Phase 2 of the programme will support up to six cities with up to £5 million ($6 million) each to develop their low-carbon plans.
It will also do so for local energy projects by developing datasets and software solutions to overcome systemic barriers such as finance, capability, coordination of grid reinforcement and system governance.
Have you read:
Digital twin of European electricity grid to be developed
Digitalising Europe’s energy sector – the strategy
The solution is not the only project driven by Advanced Infrastructure for an enhanced path to net zero.
The company has also been developing two smart metering solutions – one aimed at enhancing accurate monitoring of electricity demand and another to create a smart meter data repository.
The former is an 18-month research project alongside Sheffield University to use building-level smart meter data and machine learning techniques to predict the load on 90% of transformers in the UK, which are otherwise unmonitored by DNOs. This is hoped to allow the power networks to actively optimise capacity and flexibility management.

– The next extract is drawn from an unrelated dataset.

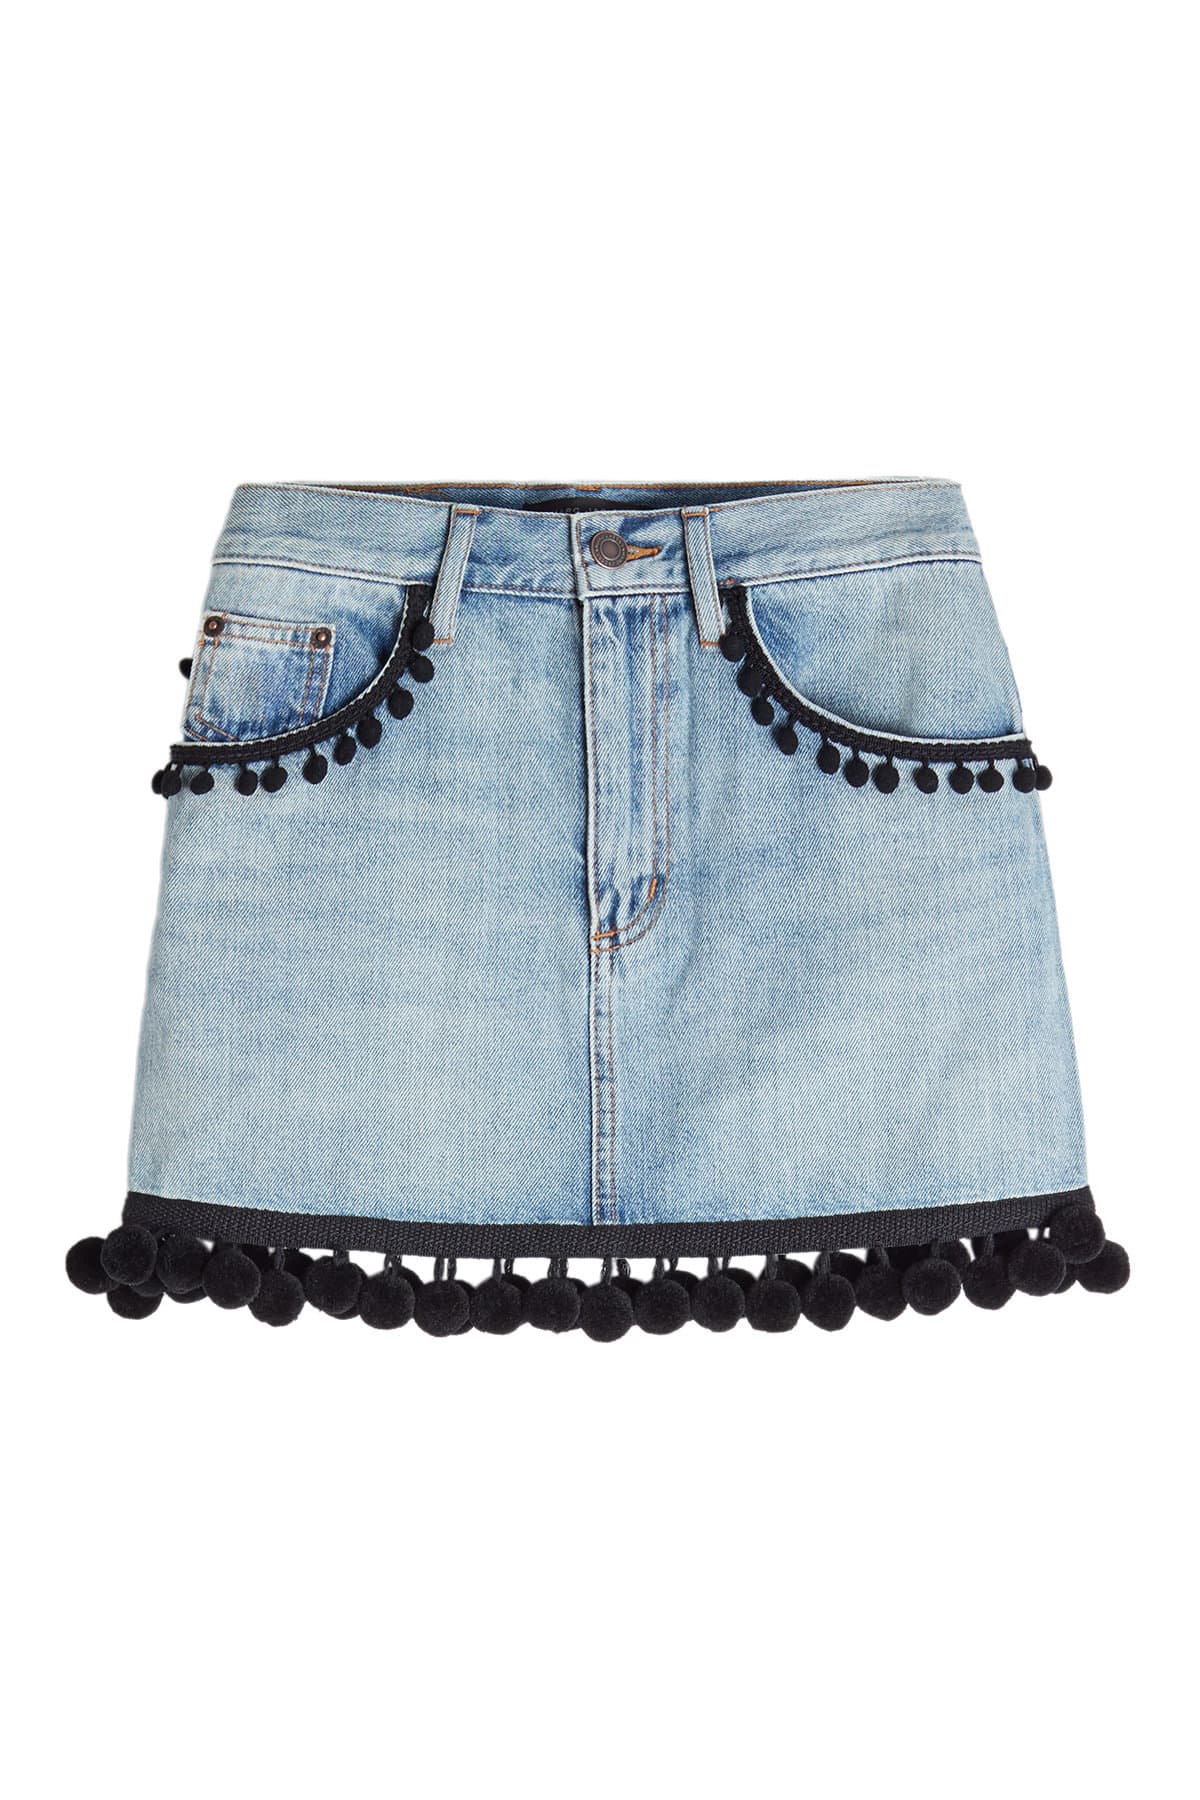 Marc Jacobs - Pom Pom Mini Skirt
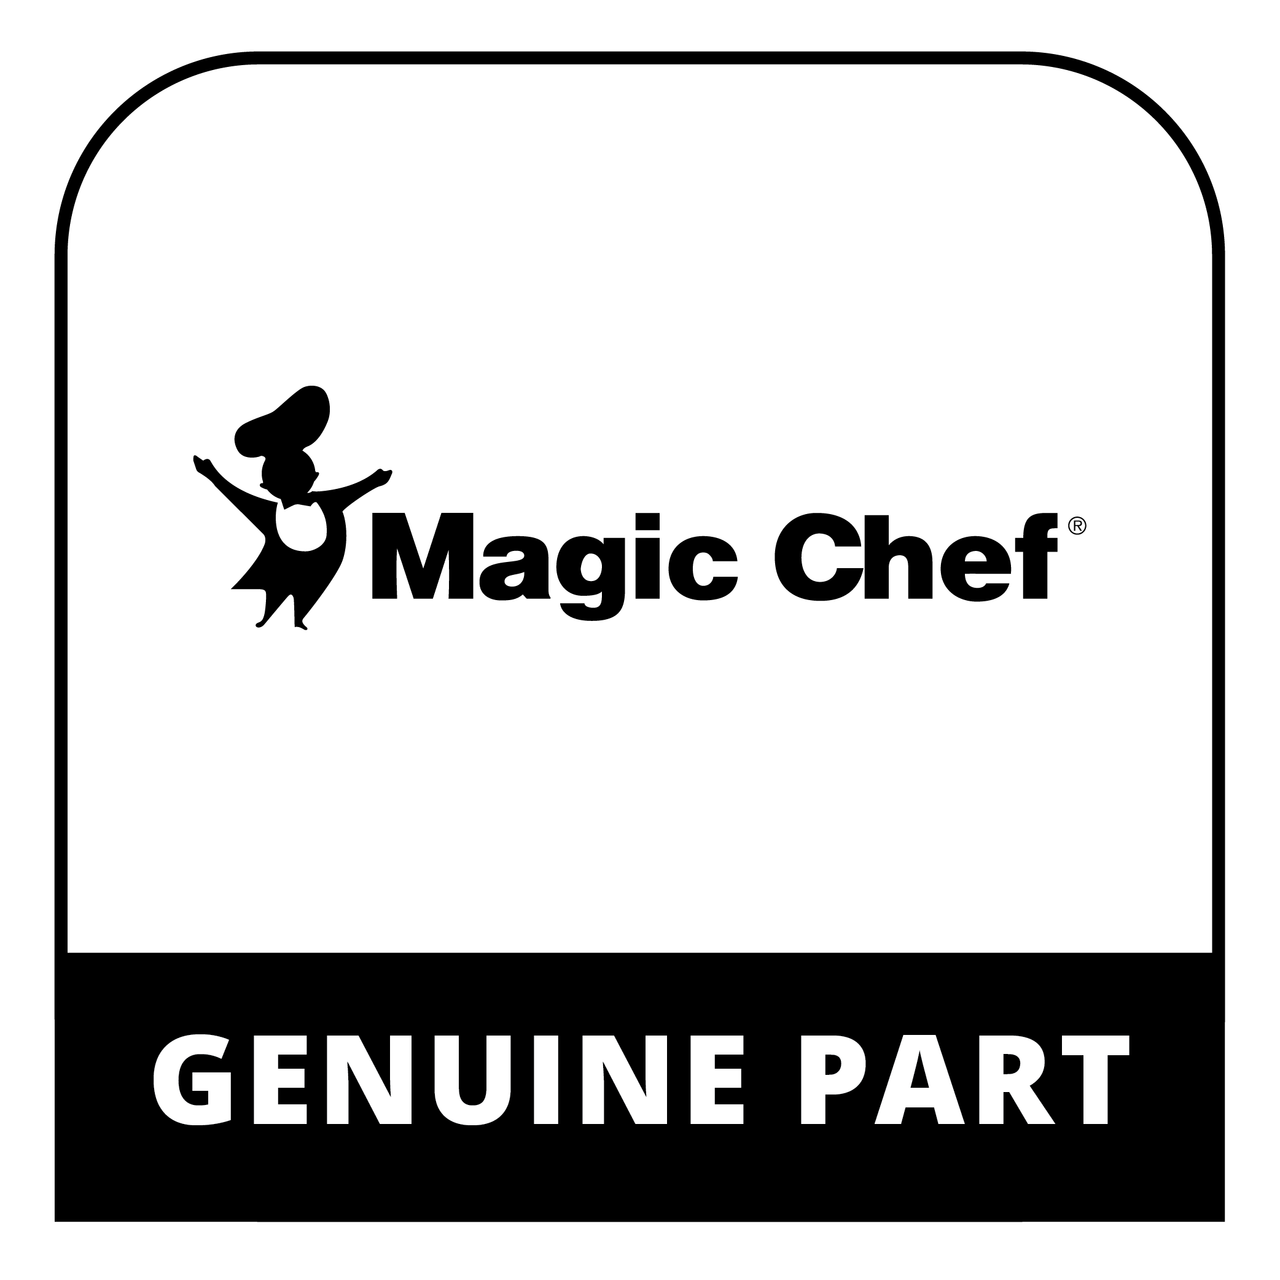 Magic Chef 301149A320 - CRISPER COVER (HMCR440 SERIES) - Genuine Magic Chef Part

The latter is a technical solution, which will utilise machine learning research and aggregated smart meter data to reduce the cost of heating and powering homes.
Said Jackson: “Based on user research…the two most important data sets in the energy system are which buildings are connected to which substations and what is their half-hourly energy consumption, or as granularly as possible. Such is the holy grail of energy data. And when we talk about open data in the energy sector, everything else is a very fast second.”
Each of the two projects has also gained its own sources of funding, the former through a successful bid in phase 9 of The Energy Entrepreneurs Fund (EEF) provided by the Department for Energy Security & Net Zero; the latter through a successful bid in the Smart Meter Energy Data Repository (SEDR) Programme, funded by BEIS prior to its separation.